Write the listing out once more, identical to the original but without pictures.
(Beginning of The data)
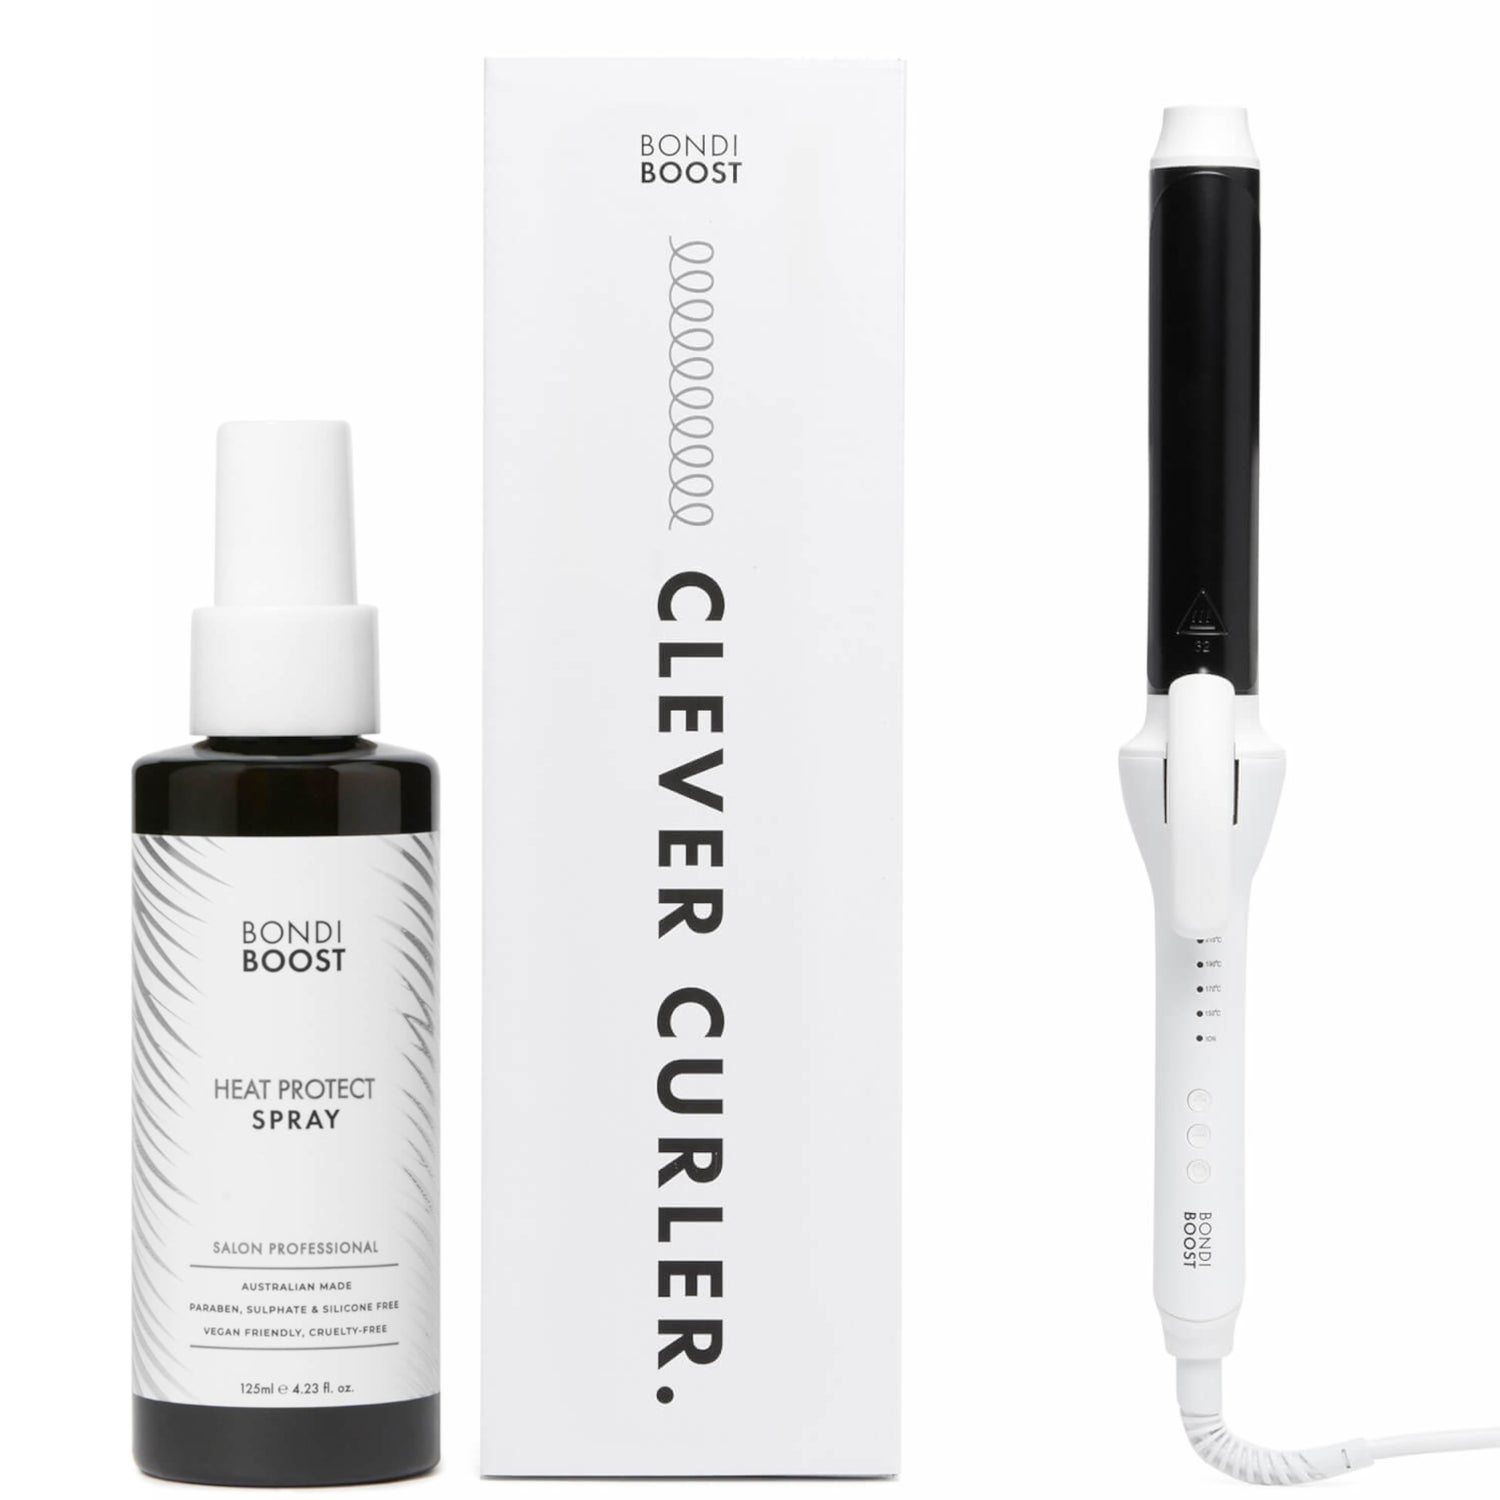 BondiBoost Clever Curler and Heat Protect Spray 125ml Bundle
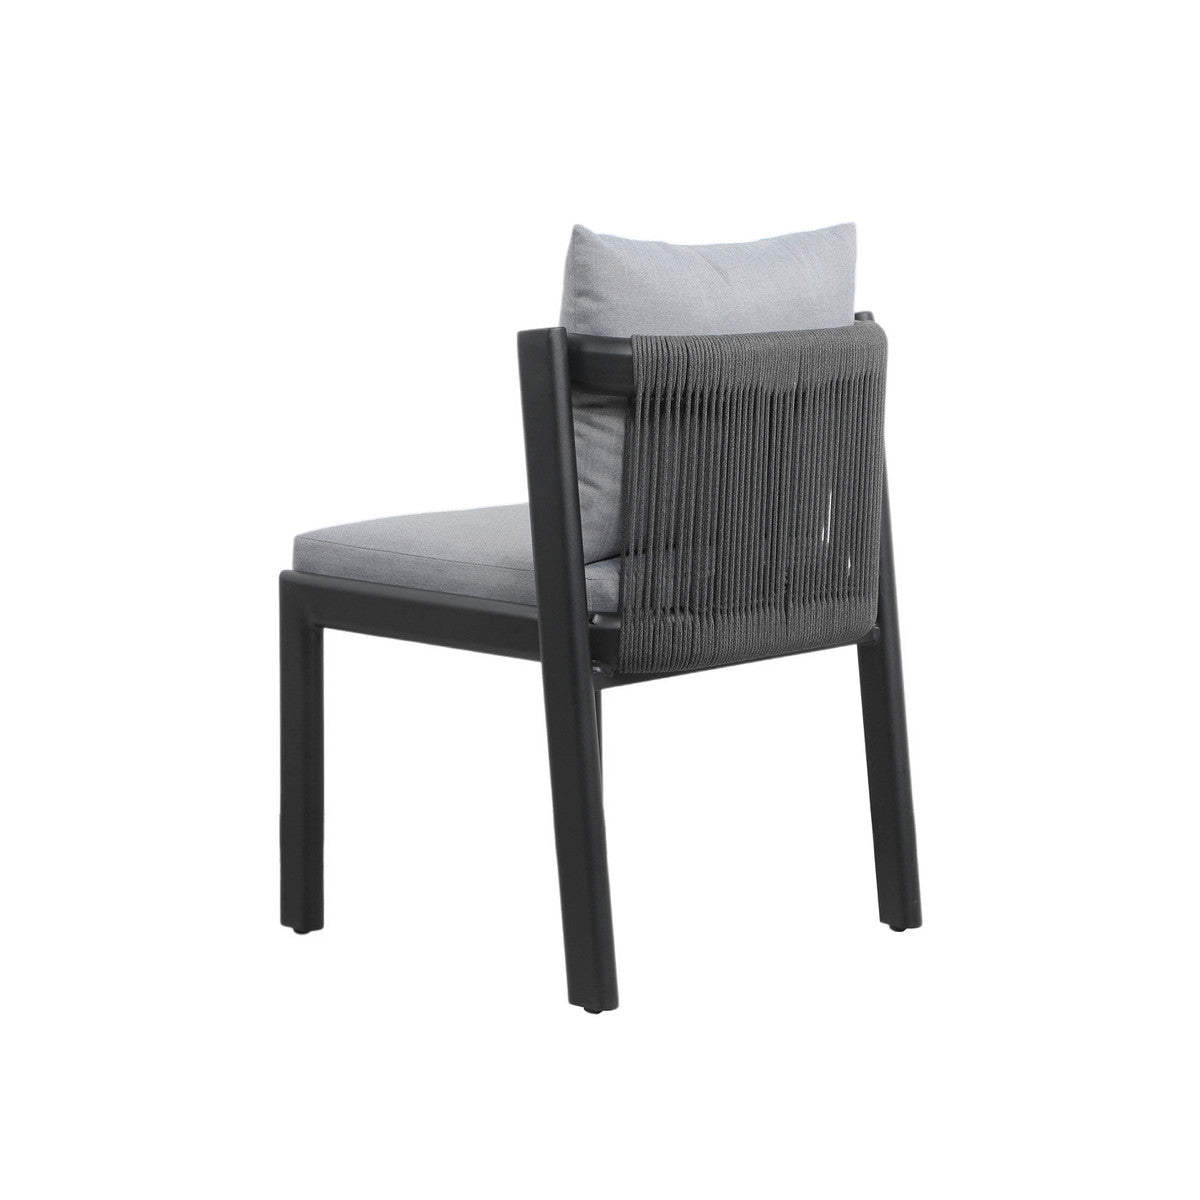 Anar Grey Outdoor Dining Chair
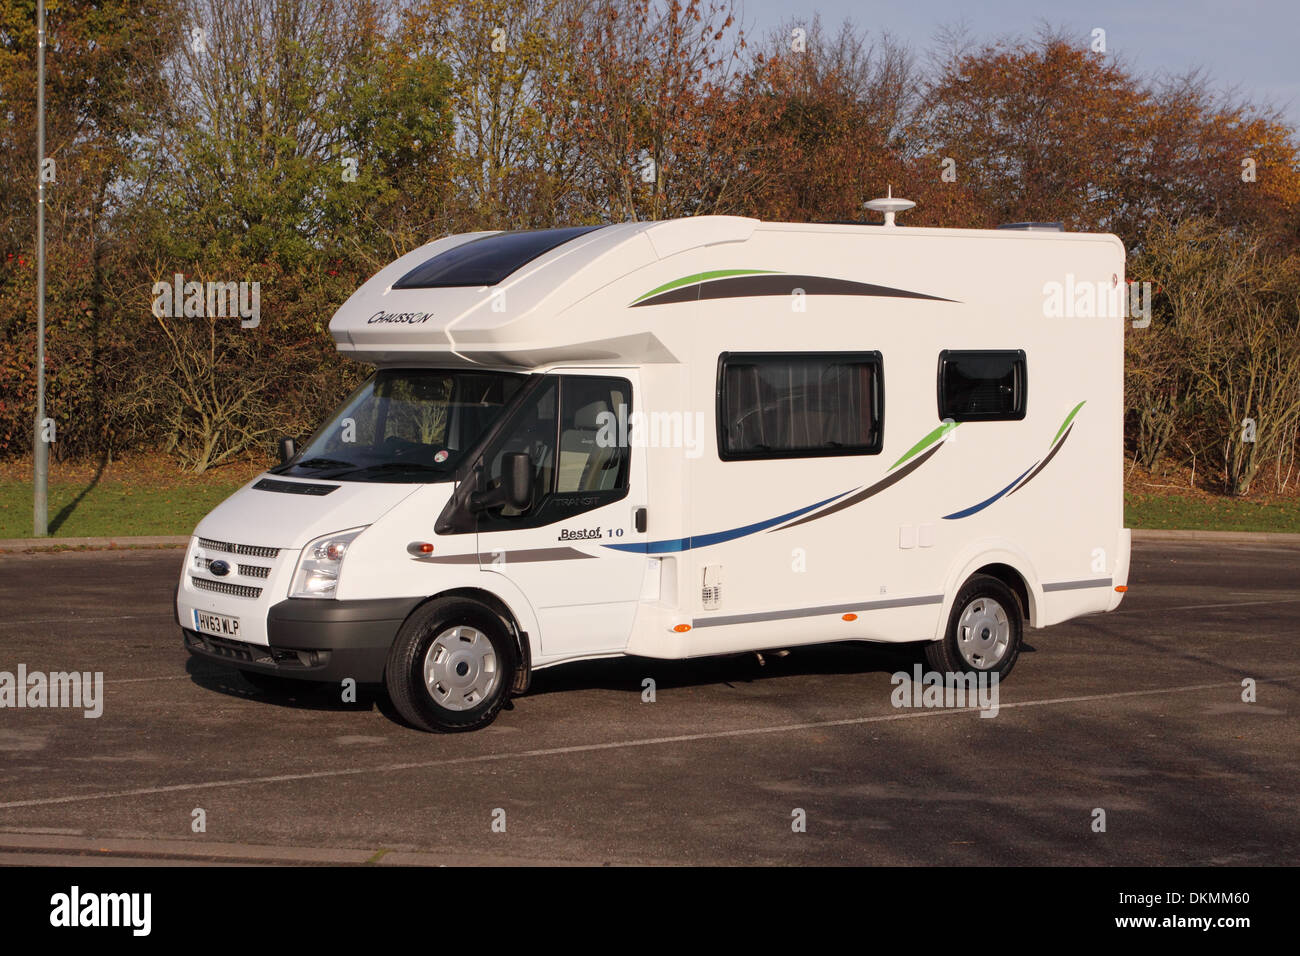 Chausson Transit Flash "Best of 10" motorhome 2013 model vehicle uses a Ford  Transit chassis Stock Photo - Alamy
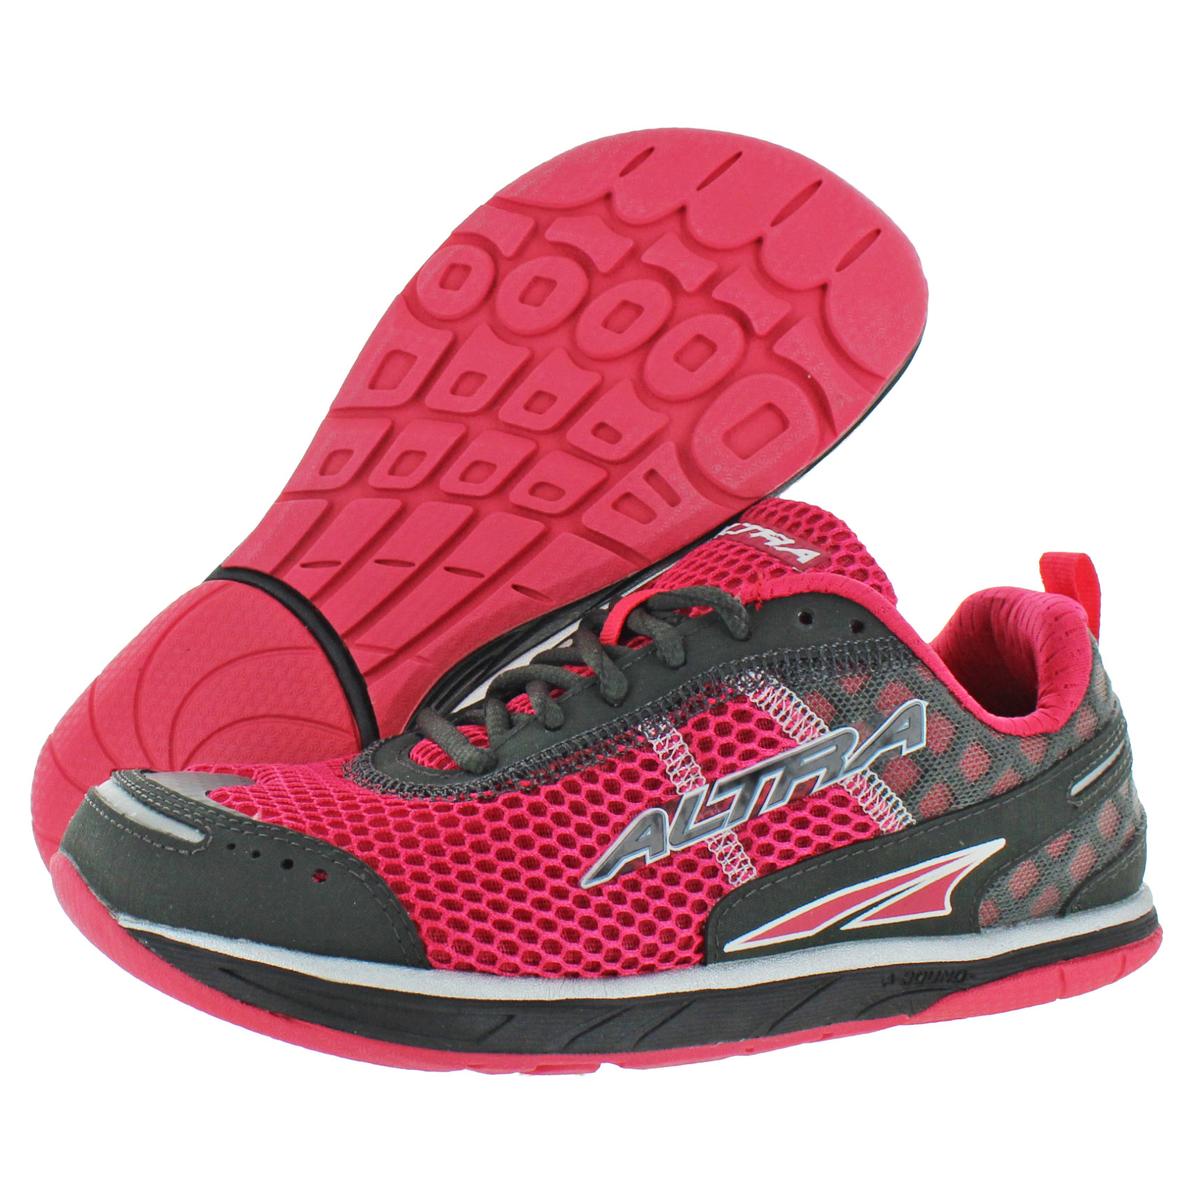 Altra Womens Intuition 1.5 Exercise Performance Running Shoes Sneakers ...
(End of The data)
* **Response to this task**
 BondiBoost Clever Curler and Heat Protect Spray 125ml Bundle
 Anar Grey Outdoor Dining Chair
 Chausson Transit Flash "Best of 10" motorhome 2013 model vehicle uses a Ford  Transit chassis Stock Photo - Alamy
 Altra Womens Intuition 1.5 Exercise Performance Running Shoes Sneakers ...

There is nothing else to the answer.